Relative Strength Index (RSI)

The RSI measures the speed and change of price movements. If a bullish candlestick pattern forms when RSI is below 30 (oversold), it could signal a powerful reversal upward.

Volume Indicators

Pair patterns with volume indicators like OBV or VWAP. A bullish pattern with surge in volume indicates genuine buying interest.

RSI Indicator

Bollinger Bands

Help understand price volatility. Patterns near upper or lower bands may suggest potential reversals.

Bollinger Bands

Types of Candlestick Patterns

Traders rely on candlestick patterns because they provide a popular way to quickly interpret price information. These are categorized into 3 types:

1. Bullish Patterns

Signify that after these patterns the market may show upward trend

2. Bearish Patterns

Signify that after these patterns the market may show downward trend

3. Continuation Patterns

Signify that the current price trend is likely to continue

Bullish Candlestick Patterns

Bullish candlestick patterns suggest a potential reversal from downtrend to uptrend or continuation of uptrend. These patterns indicate buying pressure is overcoming selling pressure, leading to potential price rises.

1. Hammer Pattern

Signal: Bullish Pattern

The hammer is a bullish reversal pattern that forms after a downtrend. It is characterized by a small body near the top of the candlestick with a long lower wick. This indicates that despite selling pressure driving the price down, buyers stepped in to push the price back up. The implication is that the downtrend may be nearing its end, and a potential uptrend could follow.

1. Hammer Pattern

2. Inverted Hammer Pattern

Signal: Bullish Pattern

The inverted hammer is a bullish reversal pattern that appears after a downtrend. It has a small body, a long upper wick, and little to no lower wick. This indicates that buyers attempted to push the price higher but met resistance. The following bullish candlestick confirms the reversal.

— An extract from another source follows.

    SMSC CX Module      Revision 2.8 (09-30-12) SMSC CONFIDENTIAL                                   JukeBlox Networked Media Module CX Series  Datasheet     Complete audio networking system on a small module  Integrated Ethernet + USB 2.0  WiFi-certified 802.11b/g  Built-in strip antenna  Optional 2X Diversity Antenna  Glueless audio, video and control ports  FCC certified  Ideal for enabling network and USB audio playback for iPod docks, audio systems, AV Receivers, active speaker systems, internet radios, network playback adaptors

2. Inverted Hammer Pattern

3. Piercing Line Pattern

Signal: Bullish Pattern

The piercing line pattern is a two-candlestick formation signaling a potential bullish reversal. It occurs in a downtrend, with the first candlestick being bearish and followed by a bullish candlestick that opens lower but closes above the midpoint of the previous candlestick. This pattern suggests a strong shift in market sentiment from bearish to bullish.

3. Piercing Line Pattern

4. Bullish Engulfing Pattern

Signal: Bullish Pattern

The bullish engulfing pattern is a reversal signal. It consists of a small bearish candlestick followed by a larger bullish candlestick that completely engulfs the previous one. This indicates that buyers have taken control, overpowering the sellers, and suggests a potential upward movement.

4. Bullish Engulfing Pattern

5. Bullish Spinning Top Pattern

Signal: Bullish Pattern

A bullish spinning top is characterized by a small body and long wicks on both sides. It indicates indecision in the market, with both buyers and sellers unable to gain the upper hand. When it appears after a downtrend, it suggests that selling pressure is weakening and that a bullish reversal may be imminent.

5. Bullish Spinning Top Pattern

6. The Morning Star Pattern

Signal: Bullish Pattern

The morning star is a three-candlestick pattern that signals a bullish reversal. It's characterized by the following: Starts with a long, bearish candlestick. Followed by a small-bodied candlestick (the star) that gaps down. Ends with a long bullish candlestick that closes near the midpoint of the first candlestick. This pattern indicates a shift from selling to buying pressure.

6. The Morning Star Pattern

7. Three White Soldiers Pattern

Signal: Bullish Pattern

The three white soldiers pattern consists of three consecutive long bullish candlesticks with small or no wicks. Each candlestick opens within the previous body and closes at or near its high, indicating strong buying pressure and the potential start of a sustained uptrend.

7. Three White Soldiers Pattern

8. Three Inside Up Pattern

Signal: Bullish Pattern

The three-inside-up pattern is a bullish reversal signal formed by three candlesticks. The first is a long, bearish candlestick. Followed by a smaller bullish candlestick that forms within the first one body. And a third bullish candlestick that closes above the first ones high. This indicates a shift in momentum from bearish to bullish.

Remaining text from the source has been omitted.